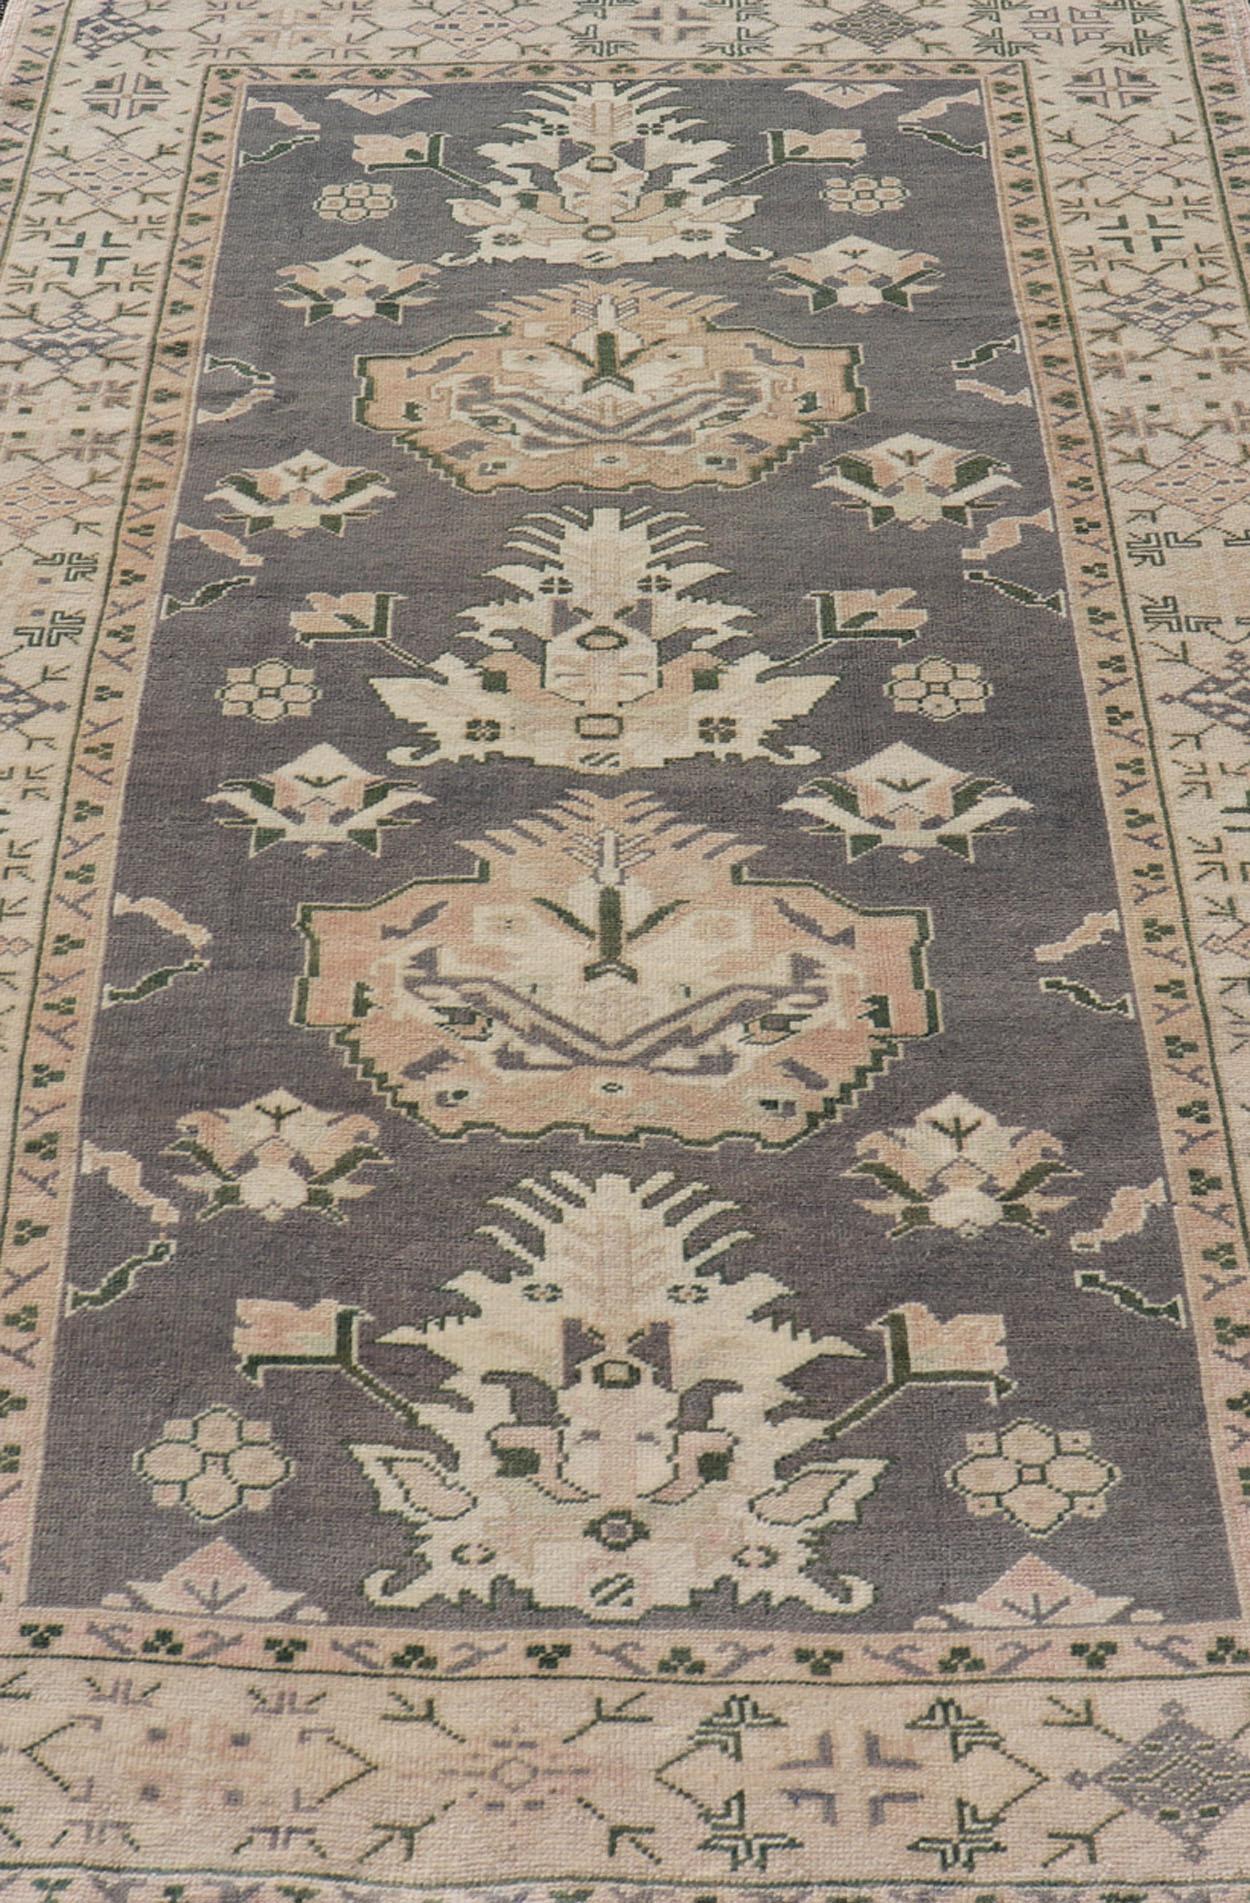 Measures: 4'8 x 7'5 
Turkish Oushak Rug Vintage with Three Floral Medallion Design In Blue and Cream. Keivan Woven Arts / rug EN-14201, country of origin / type: Turkey / Oushak, circa 1940
This striking vintage Turkish Oushak rug bears a

REQUIRED ACTION ▸ Full copy, no pictures: write out each line of the data exactly as it stands.

SOLUTION FOR THIS EXERCISE ▸
 Measures: 4'8 x 7'5 
Turkish Oushak Rug Vintage with Three Floral Medallion Design In Blue and Cream. Keivan Woven Arts / rug EN-14201, country of origin / type: Turkey / Oushak, circa 1940
This striking vintage Turkish Oushak rug bears a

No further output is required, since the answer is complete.